For cotton sourced globally, then, a different approach may be required, and various traceability technologies are currently being proposed to plug the gap in visibility that the trade, mill-use, and manufacturing of cotton fabrics can create.  These fall into two categories: inherent and additive.  As the names suggest, inherent traceability properties are naturally-occurring compounds that are built into the fibre itself, allowing it to be traced back to the environment in which it was grown.  Additive properties are added to the fibre, the yarn, or the fabric at a position in the value chain at which, ideally, the provenance up to that point can be quantified some other way.

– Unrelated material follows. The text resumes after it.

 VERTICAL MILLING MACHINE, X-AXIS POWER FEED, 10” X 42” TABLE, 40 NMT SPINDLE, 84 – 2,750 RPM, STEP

Both are exciting types of technologies with clear applications, but both may have limitations given the way that cotton is routinely blended – both with other cotton fibres, and with synthetics and manmade fibres, which will require their own traceability approaches.  Picture a 50% cotton, 50% acrylic mix, where each of those halves requires its own provenance-tracking technology, and where each could also have been created from a blend of fibres with different origins. Within this context, it might be difficult for any brand to say, definitely, where a product made from that fabric “came from”.

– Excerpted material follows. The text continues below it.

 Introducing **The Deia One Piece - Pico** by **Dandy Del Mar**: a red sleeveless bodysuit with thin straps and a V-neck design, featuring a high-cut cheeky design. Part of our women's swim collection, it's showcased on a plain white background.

But the benefits of getting this right will be significant.  Not only at the point of sale, where the consumer can buy with genuine confidence, but in design, development, and sourcing, where establishing a clear understanding of the material supply chain can create an opportunity to reshape it to fit the level of agility, visibility, and integrity the market demands.

About our partner: CottonWorks™ is your go-to textile tool for discovering what’s possible with cotton. From fiber and manufacturing education to sustainability facts to fabric inspiration and trend forecasting, cottonworks.com has the information you need to stay in motion. Questions? Contact cottonworks@cottoninc.com.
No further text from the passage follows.